Adjustment happens, but it’s a far more painful process than the models and textbooks have imagined. Policy, and the economists, should take it seriously.
Pointer from Mark Thoma.
Difficulty with adjustment is the essence of the PSST story for recessions. If the economy were a GDP factory, then the factory foreman would be temporarily confused about which job to give to which person. Of course, for the factory foreman, substitute the set of entrepreneurs and potential entrepreneurs.
Muro cites three recent papers, two of which I have covered. The new one is by Danny Yagan, who writes,
living in 2007 in a below-median 2007-2009-fluctuation area caused those workers to have a 1.3%-lower 2014 employment rate. Hence, U.S. local labor markets are limitedly integrated: location has caused long-term joblessness and exacerbated within-skill income inequality. The enduring impact is not explained by more layoffs, more disability insurance enrollment, or reduced migration. Instead, the employment outcomes of cross-area movers are consistent with severe-fluctuation areas continuing to depress their residents’ employment. Impacts are correlated with housing busts but not manufacturing busts, possibly reconciling current experience with history. If recent trends continue, employment rates are estimated to remain diverged into the 2020s—adding up to a relative lost decade for half the country. Employment models should allow market-wide shocks to cause persistent labor force exit, leaving employment depressed even after unemployment returns to normal.

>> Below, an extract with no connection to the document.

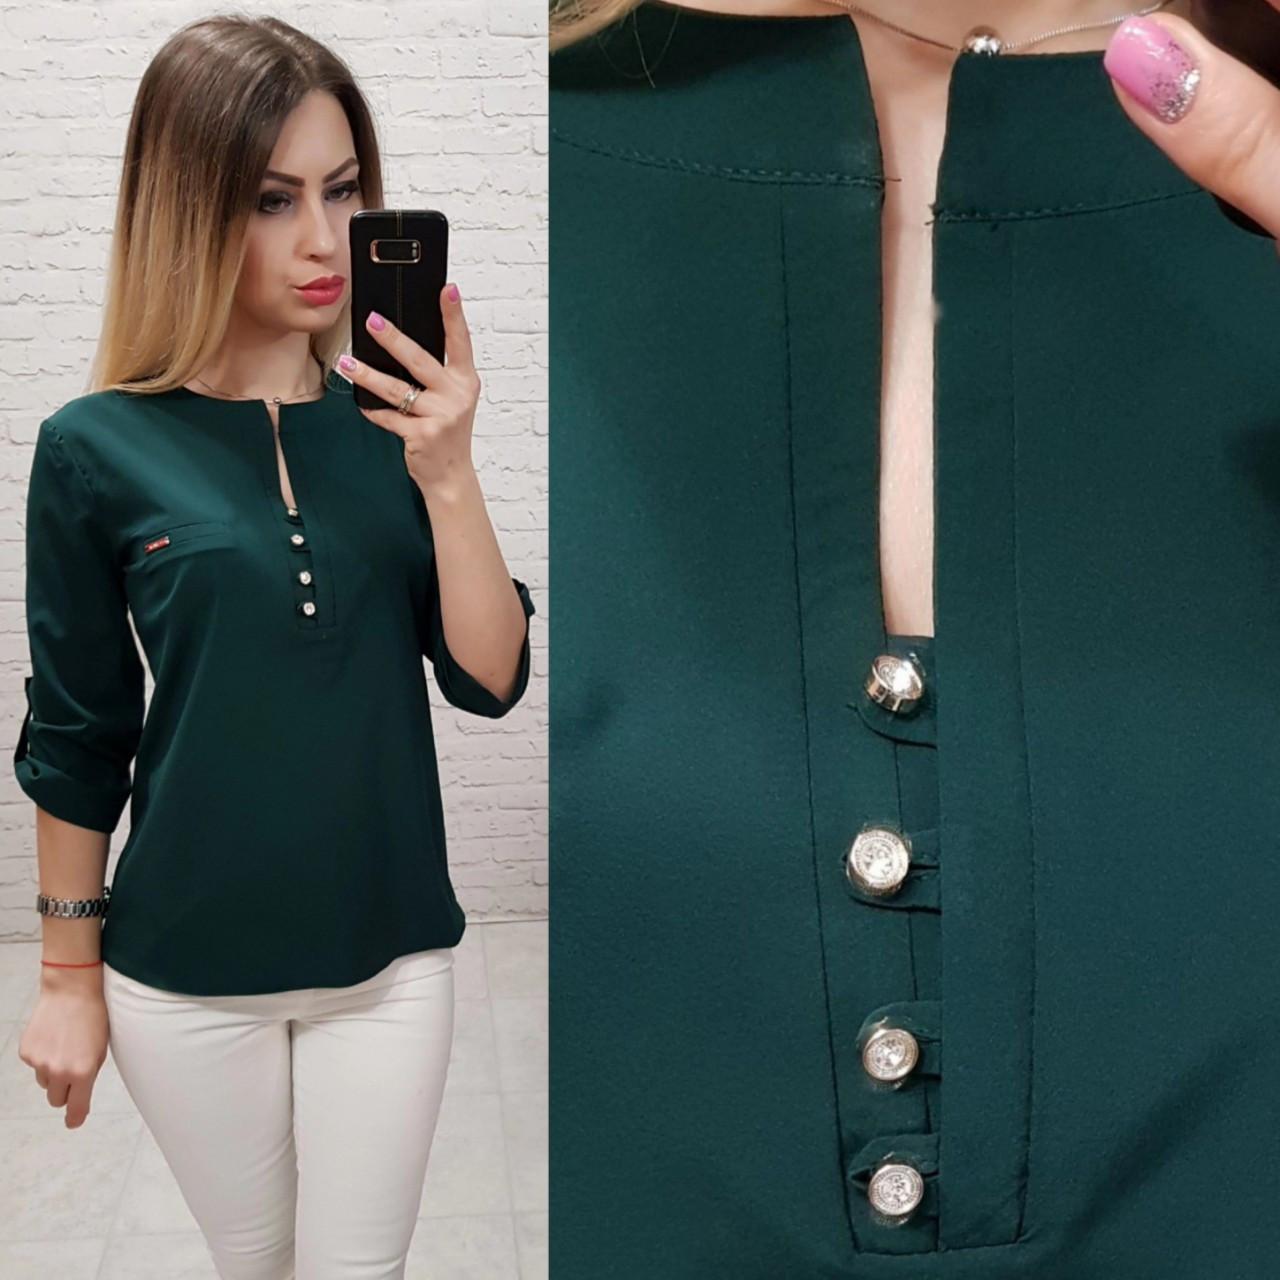 Блуза / блузка арт. 830 зелёного цвета  /  темно - зелёный бутылочный

The standard remedies for adjustment, including trade adjustment assistance, and worker re-training, are among the least effective programs government has ever tried. Not surprisingly if decentralized entrepreneurs are having calculation problems, the socialist calculation problem proves worse.
PSST is your term for it, but there is an old literature on this that likely predates your heuristic. Davis, Haltiwanger, and Schuh covered this in their 1996 book (and cited even older work in the area), and progress on the topic has continued with the growth of administrative microdata availability. Indeed, the results on trade adjustment were not so surprising to those familiar with the large and growing literature on declining reallocation rates.
’96 eh?
Hey, that is old- even Prince was still alive then.
I suspect Arnold might say that some things that were known, understood, or just felt 200 years ago but are lost to dead end roads of inquiry and have to be re-learned.
Arnold. If it is catching on, be prepared for every school to claim it was already well-represented in their theories.
Retraining? How about just letting banks lend mortgages again so they can just go back to building houses?
More like non adjustment is the story of recessions. Nothing happens until they are over.
This is akin to saying that in a factory doing a changeover nothing is happening.
So factories now reconfigure themselves. That is progress.
No. If I were a vulgar Keynesian I’d sit at the loading dock and conclude that because there aren’t as many unsold boxes stacking up that the factory must be idle.
And that the government should buy all those boxes and order even more until the plant reaches full capacity again.
No, they would wonder what all that supposed investment was being spent on that resulted in no spending, knowing that if they were actually investing, they would be spending more.
And conclude that must be investment by sitting on their hands.
How does PSST differ from ‘evolution’?